DATA LISTING Block Start
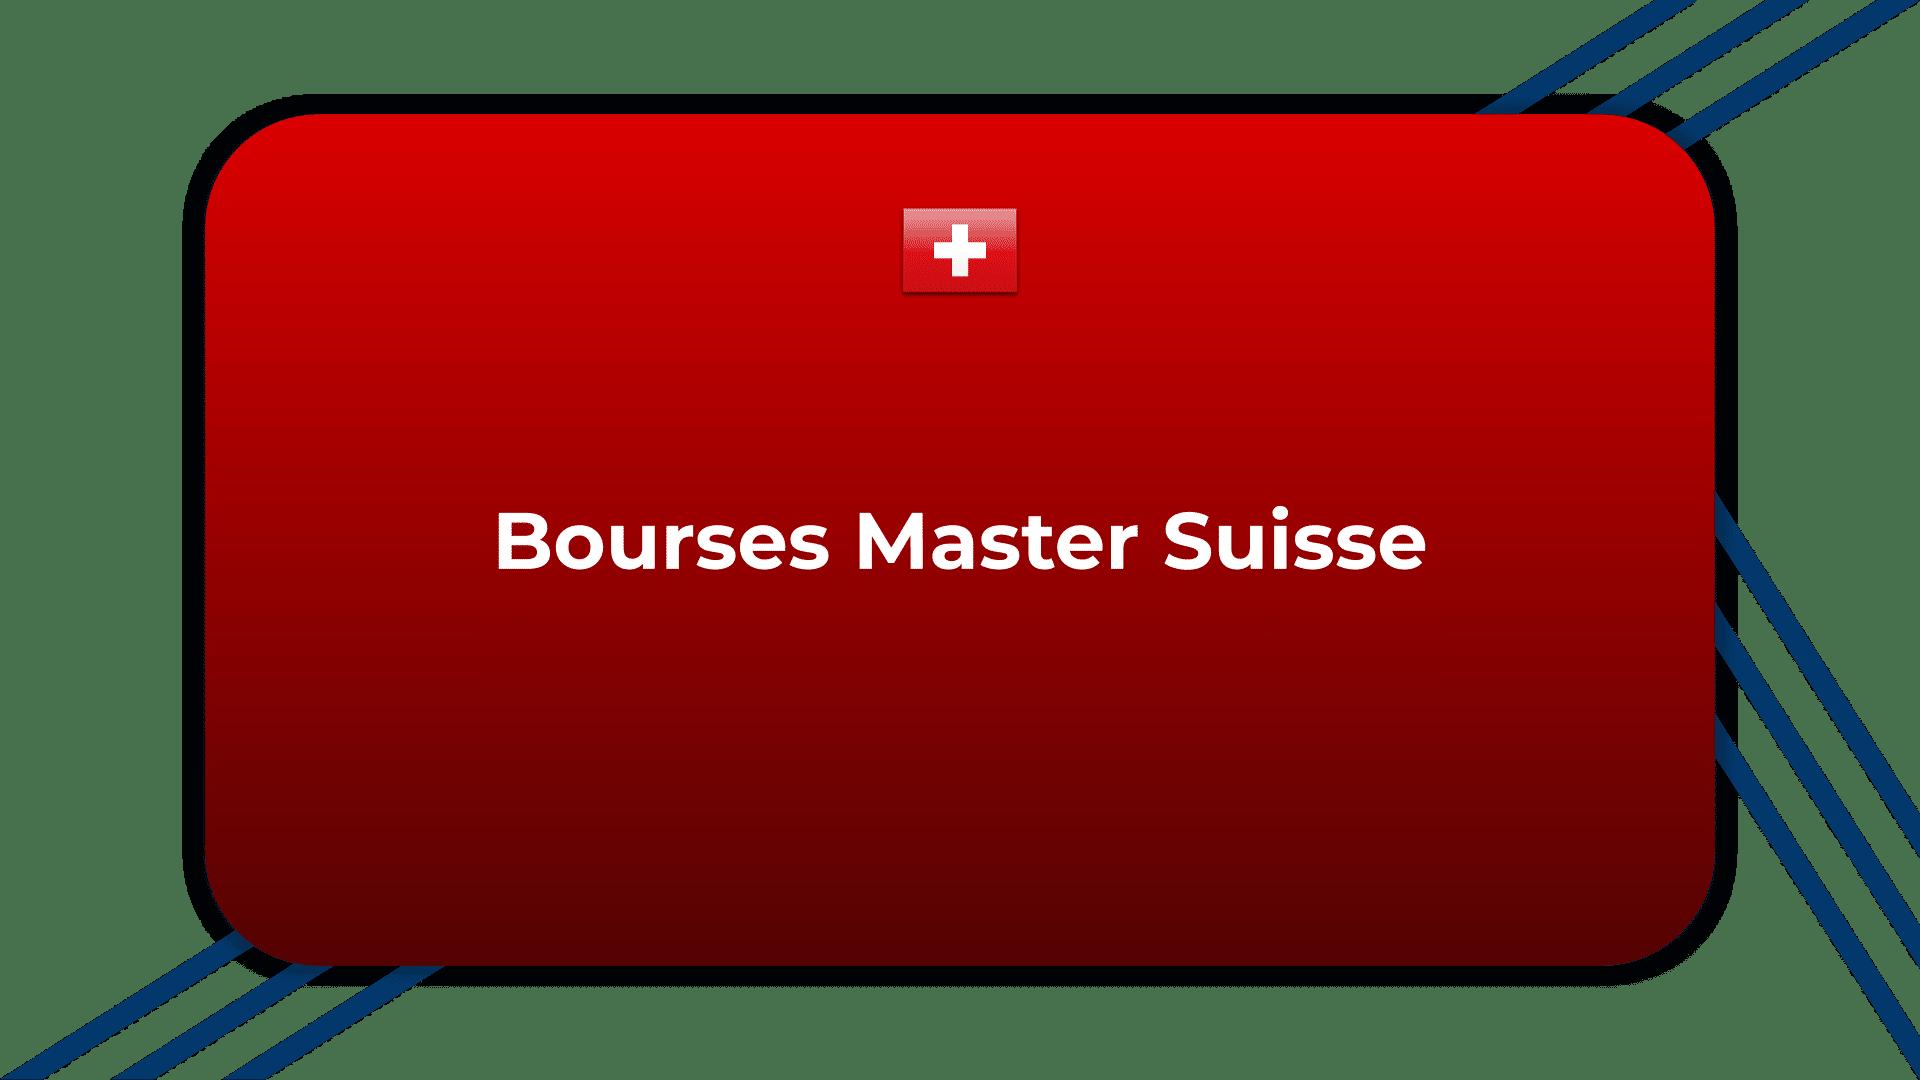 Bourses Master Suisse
DATA LISTING Block End
DATA LISTING Block Start
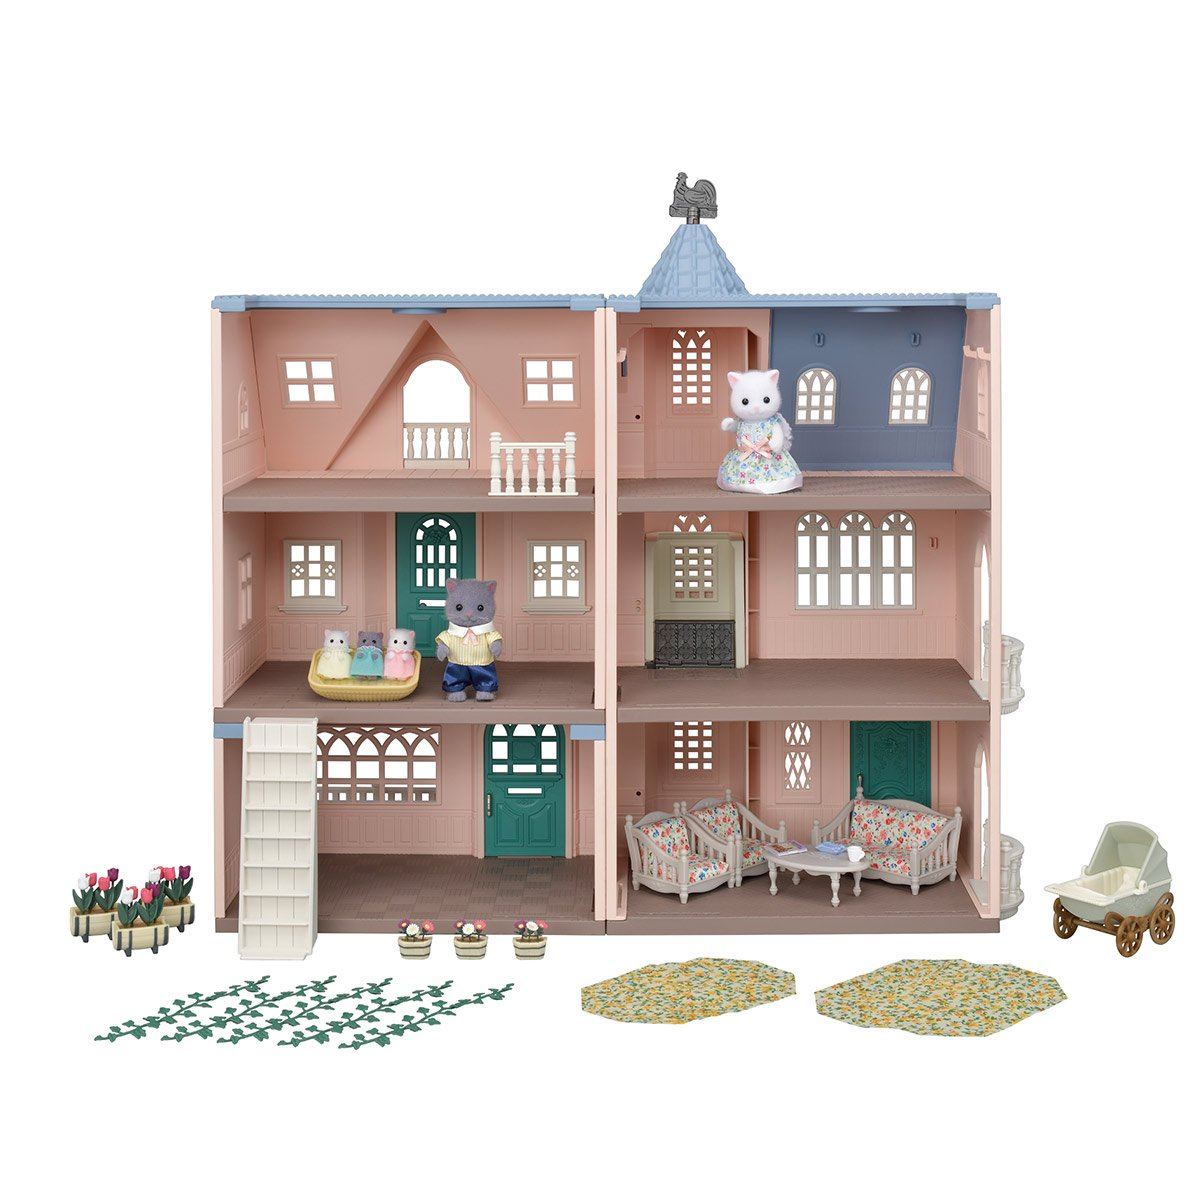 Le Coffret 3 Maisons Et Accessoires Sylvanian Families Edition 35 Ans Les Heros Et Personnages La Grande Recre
DATA LISTING Block End
DATA LISTING Block Start
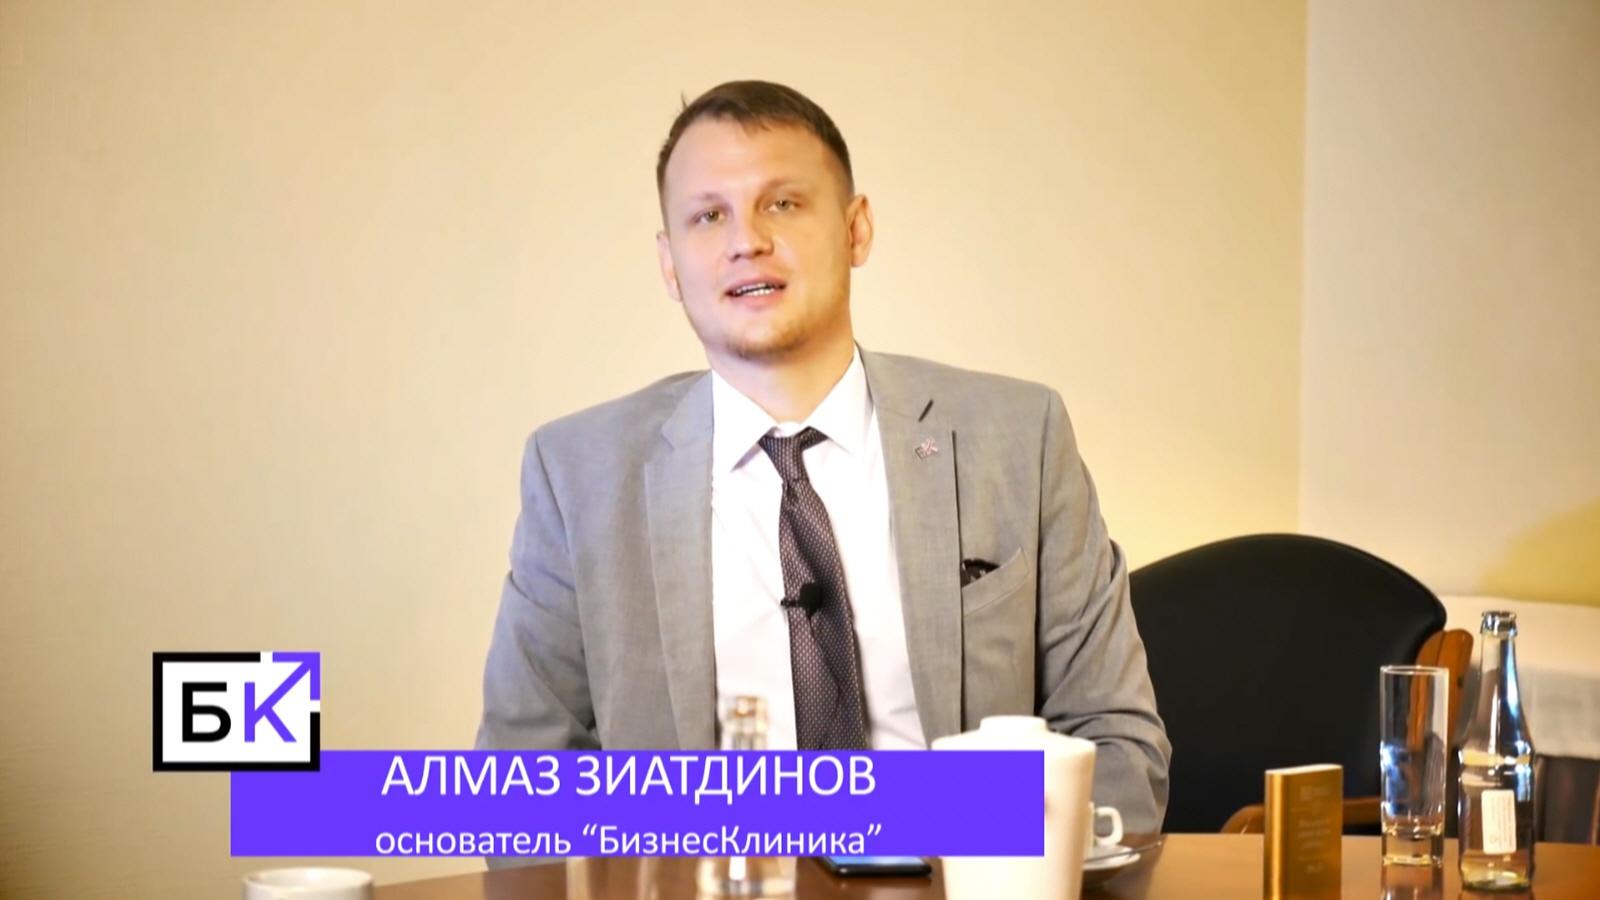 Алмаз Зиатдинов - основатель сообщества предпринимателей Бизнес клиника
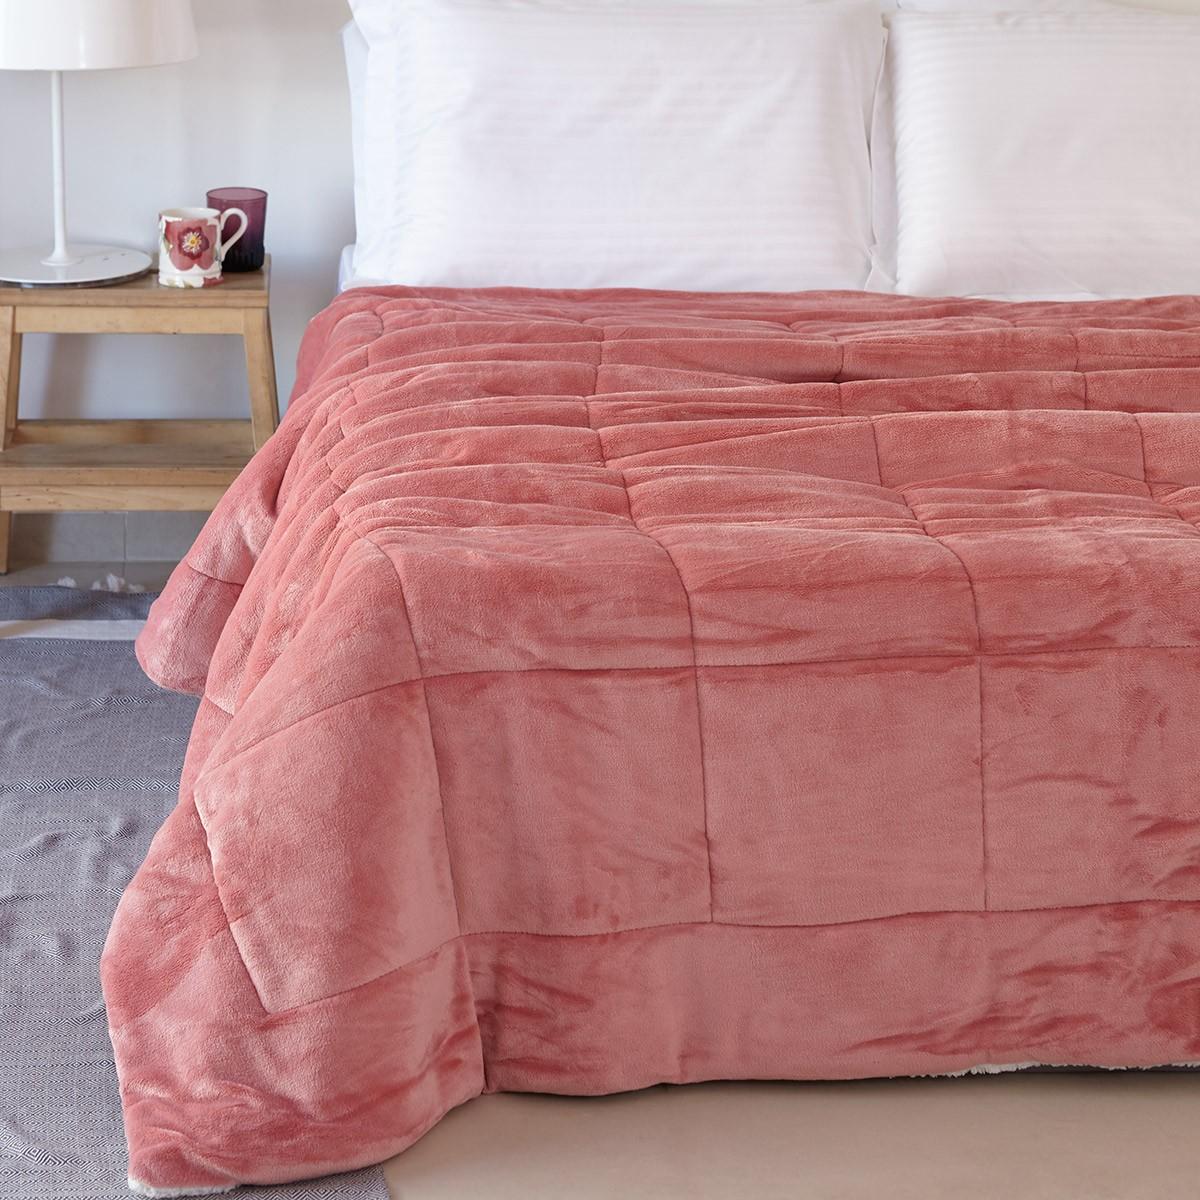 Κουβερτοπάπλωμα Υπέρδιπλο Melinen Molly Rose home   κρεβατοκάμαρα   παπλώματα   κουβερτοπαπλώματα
DATA LISTING Block End
» WORK ITEM
Working from the data above, repeat exactly, and only, the lines that begin at the line containing "Алмаз Зиатдинов - основатель" and stop after the line containing "Κουβερτοπάπλωμα Υπέρδιπλο Melinen"; pictures are not copied.

» RESULT
 Алмаз Зиатдинов - основатель сообщества предпринимателей Бизнес клиника
 Κουβερτοπάπλωμα Υπέρδιπλο Melinen Molly Rose home   κρεβατοκάμαρα   παπλώματα   κουβερτοπαπλώματα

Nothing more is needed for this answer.